Limitations of Prior Work: - Existing Scaling Laws focus solely on training cost and completely ignore inference cost. In practical deployment, however, inference overhead far exceeds training since models undergo repetitive inference over their lifetimes. - FLOP constraints are unrealistic: In practice, model size is bound by deployment hardware memory, and training token count is determined by available data size (e.g., LLaMA-3-8B used 15T tokens, far exceeding Chinchilla's recommended 160B).
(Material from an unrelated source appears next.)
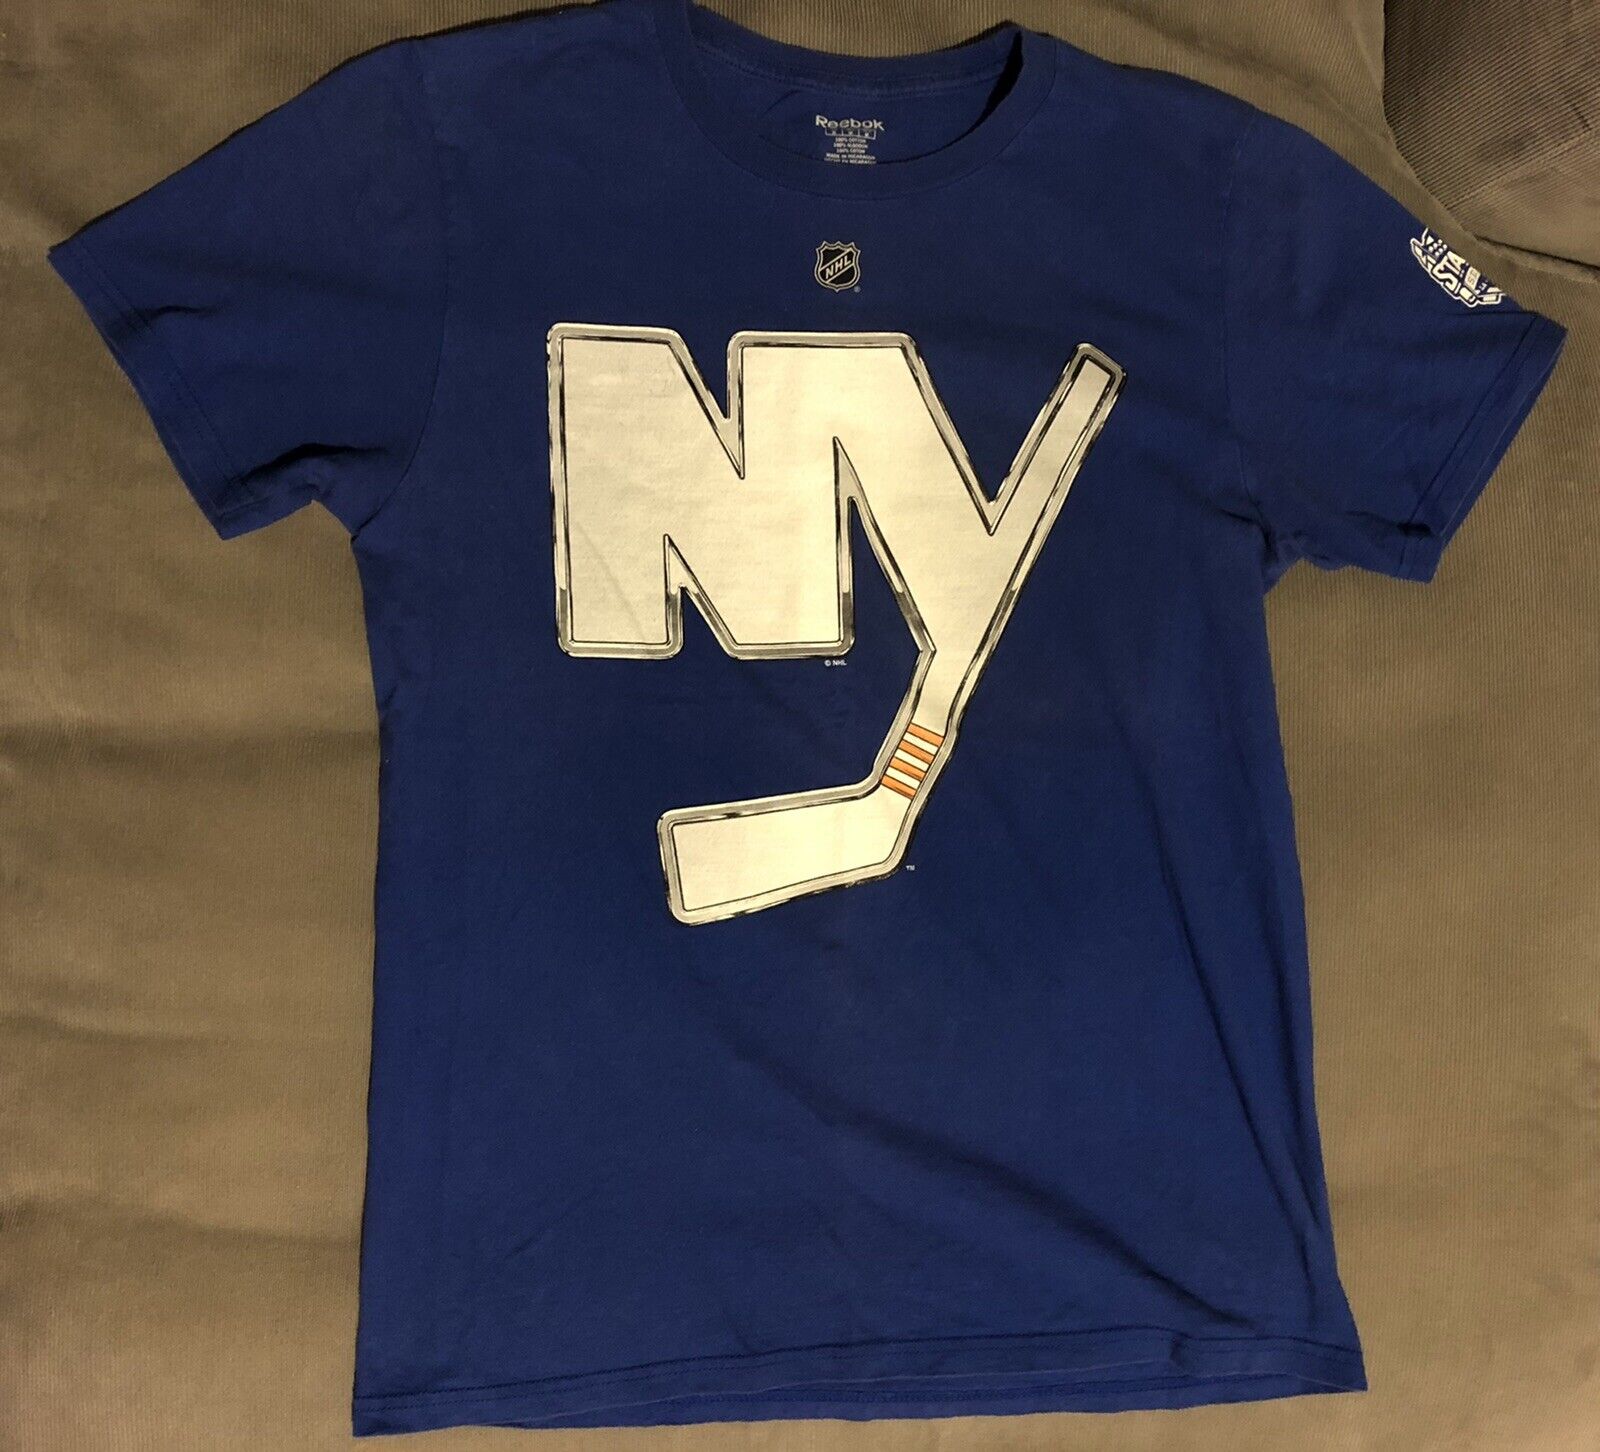 NHL Men's T-Shirt - Blue - M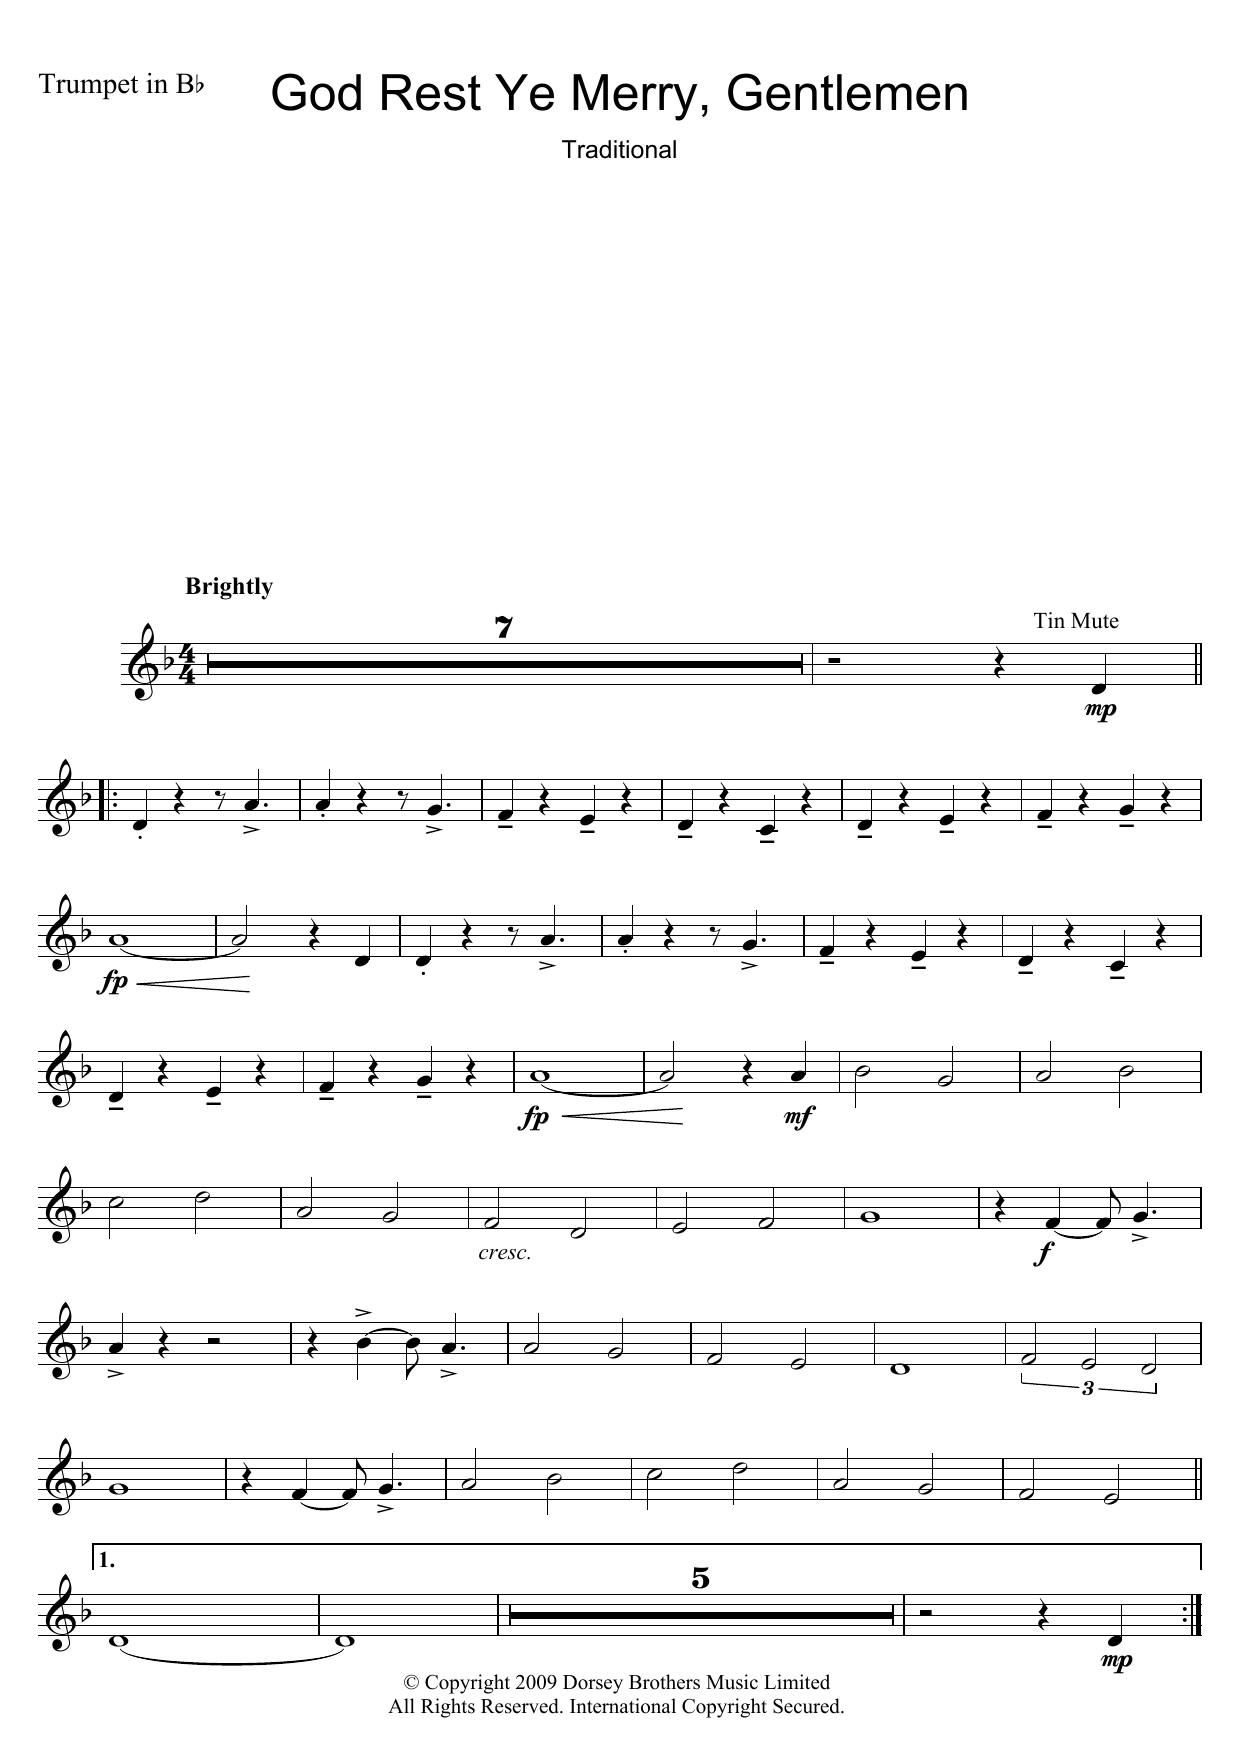 Traditional Carol God Rest Ye Merry, Gentlemen Sheet Music Notes & Chords for Tenor Saxophone - Download or Print PDF

Neither is strictly bound by a FLOP budget. - While Sardana et al. (2023) attempted to incorporate inference FLOPs, their method requires estimating the total number of inference tokens over the model's lifetime, which is impractical in reality.

Key Challenge: Models with the same parameter count can exhibit inference latencies that differ by up to 3.5×—for example, the latency of MiniCPM-1B is even higher than that of Qwen2.5-14B. This indicates that parameter count is not the sole factor determining inference efficiency; model architecture (shape) is the critical variable, yet existing Scaling Laws fail to model this factor entirely.

Goal - Sub-problem 1: How to introduce model architectural variables (width \(d_{\text{model}}\) vs. depth \(n_{\text{layers}}\)) into the Scaling Law? - Sub-problem 2: How to incorporate the inference latency budget \(T_C\) into the optimization constraints? - Sub-problem 3: There is a gap between the loss predicted by the Scaling Law and downstream task accuracy; how can the truly optimal model configuration be selected?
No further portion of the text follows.